Wajib dilihat dari sudut pandang perilaku yang diperintahkan yakni terbagi menjadi dua, yaitu:
1)      Al-Wajib Al-Mu’ayyan
Arti Al-Wajib Al-Mu’ayyan yaitu bentuk kewajiban yang diperintahkan untuk melakukan perilaku tertentu dan tidak bisa diganti oleh perilaku yang lain. Mkasudnya disini ialah, jika mukallaf tidak melakukan kewajiban tertentu (khusus) maka tidak bisa dengan melaksanakan perbuatan lain untuk menggugurkan kewajibannya.
2)      Al-Wajib Al-Mukhayyar
Arti Al-Wajib Al-Mukhayyar yaitu bentuk kewajiban yang derintahkan oleh Allah SWT. untukmelaksanakan perbuatan tertentu dengan cara memilih salah satu dari perbuatan tadi.

Wajib dilihat dari sudut pandang kadar kewajiban yang diperintahkan yakni terbagi menjadi dua, yaitu:
1)      Al-Wajib Al-Muhaddad
Arti Al-Wajib Al-Muhaddad yaitu bentuk kewajiban yang memandang dari segi perbuatan seorang mukallaf dengan standart tertentu. Maksudnya ialah seseorang bisa terlepas dari kewajibannya dengan melihat kadar atau ukuran tertentu dari seorang mukallaf itu sendiri.
2)      Al-Wajib Ghair Al-Muhaddad
Arti Al-Wajib Ghair Al-Muhaddad yaitu bentuk kewajiban tanpa ada batasnya. Tidak ada ukuran tertentu yang ditetapkan.

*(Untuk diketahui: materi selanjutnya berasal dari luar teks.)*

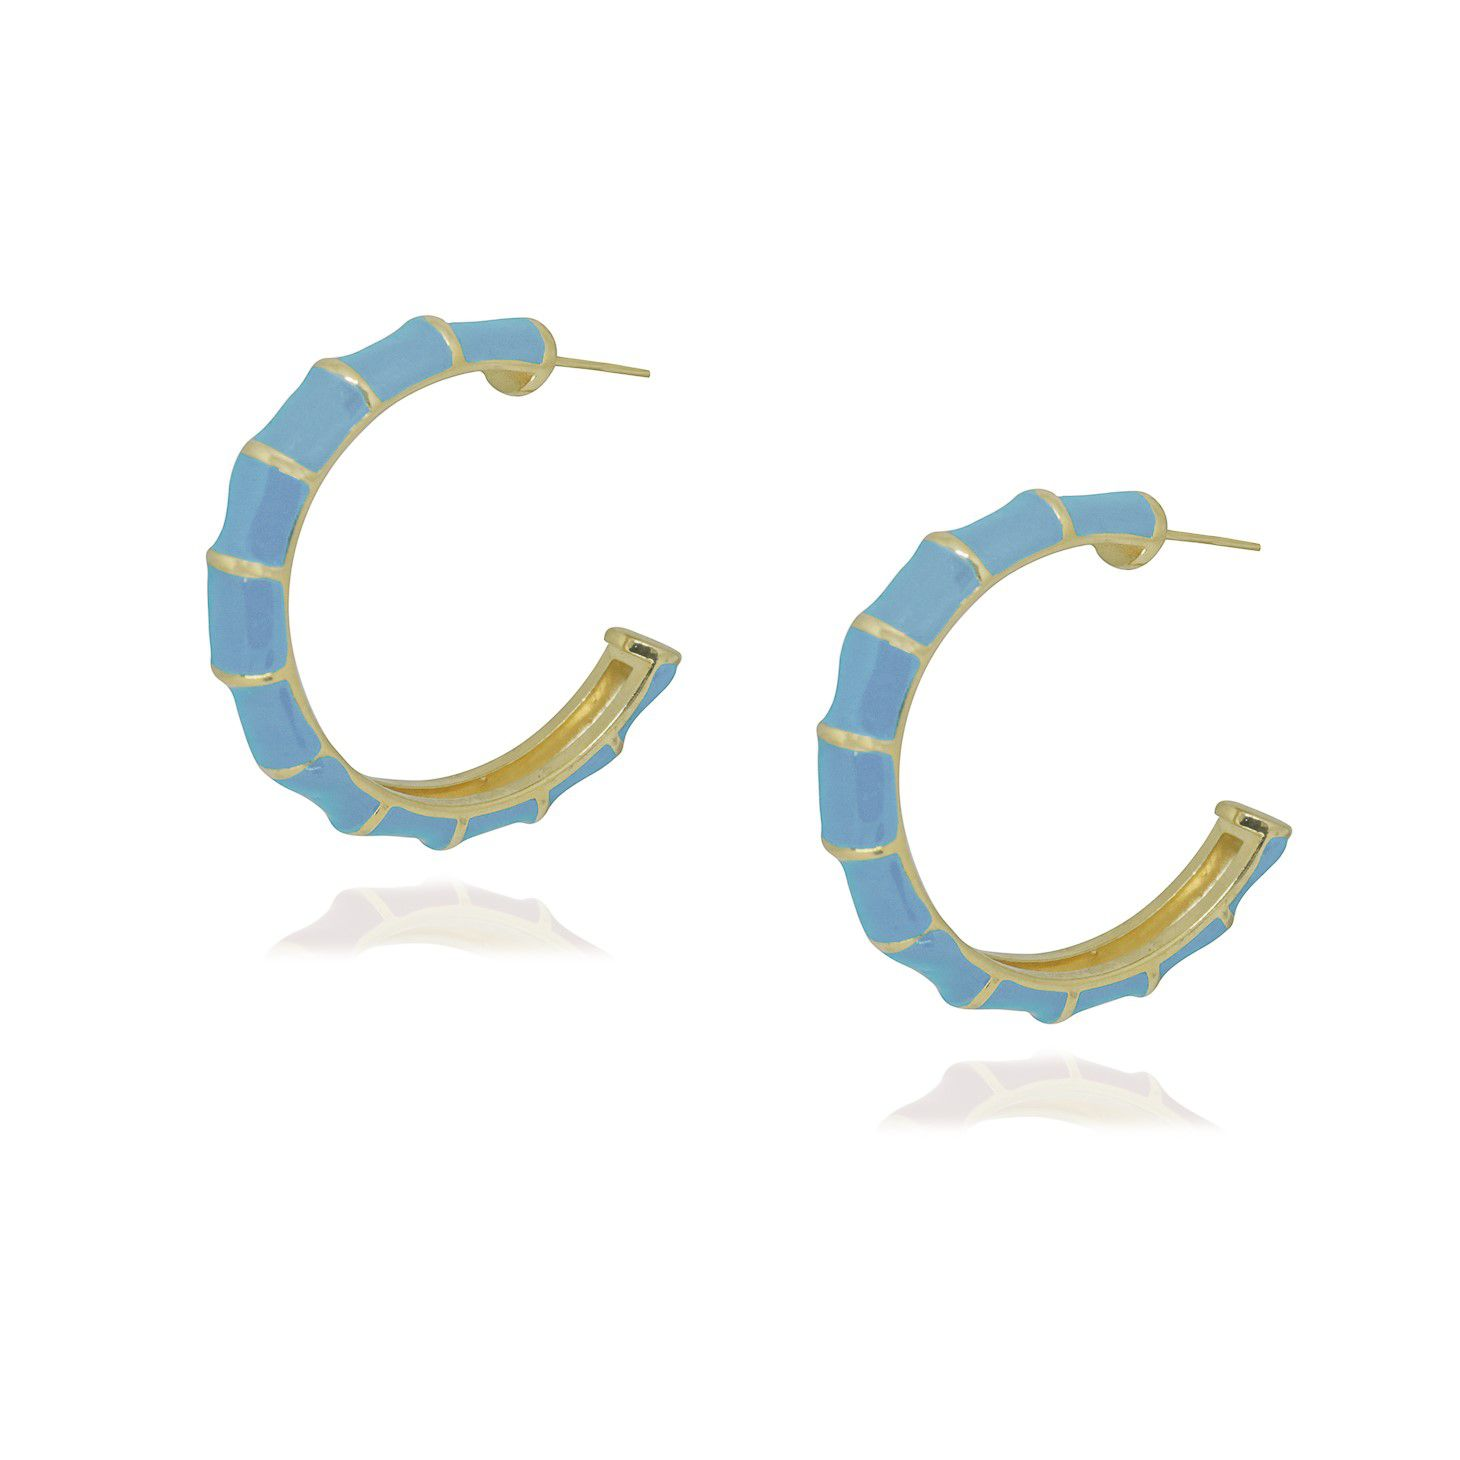 Brinco Semi joia Argola Elite Color 4 cm folheada a ouro 18k ou rhodium e resinada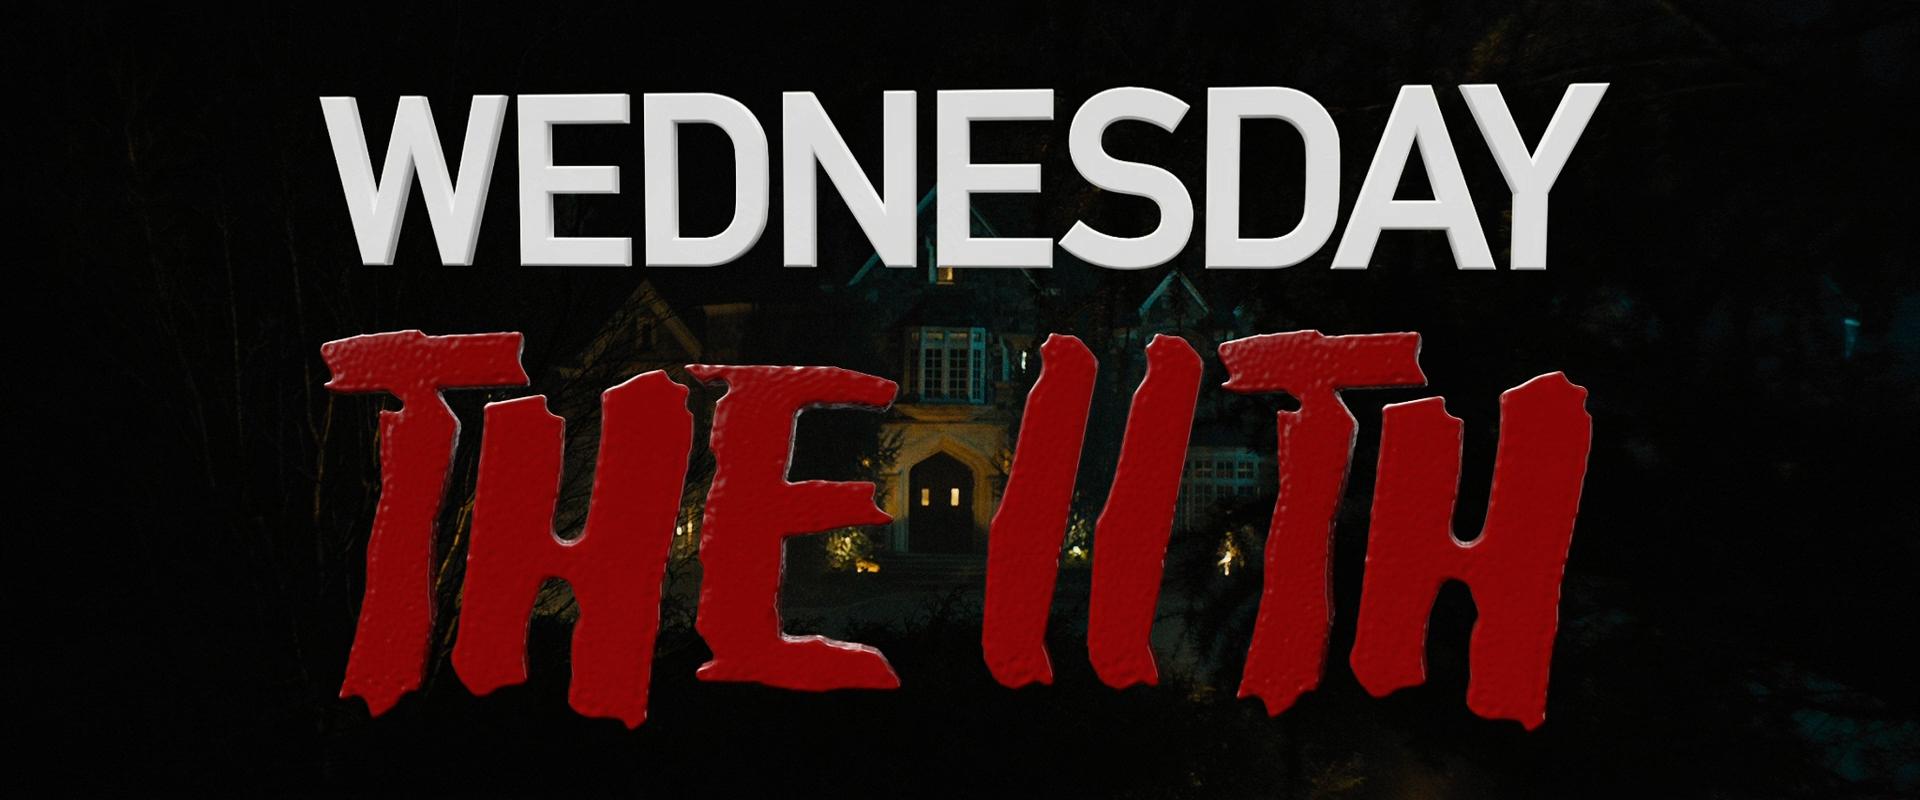 Freaky: Este cuerpo está para matar (2020) 1080p WEB-DL AMZN Latino

Wajib dilihat dari sudut pertanggungjawaban pelaksanaannya terbagi menjadi dua, yaitu:
1)      Al-Wajib Al-Qadha’i
Arti Al-Wajib Al-Qadha’i yaitu bentuk kewajiban yang mana hasil dari perbuatan tersebut dapat diminta pertanggungjawabkan dengan perantara pemereintahan negara.
2)      Al-Wajib Ad-Diyani
Arti Al-Wajib Ad-Diyani yaitu bentuk kewajiban yang bersifat spiritual. Maksudnya, jika suatu kewajiban tidak dilakukan maka akan mendapatkan balasan buruk di akhirat, namun kewajiban itu tidak bisa didesak untuk dapat dilakukan di dunia.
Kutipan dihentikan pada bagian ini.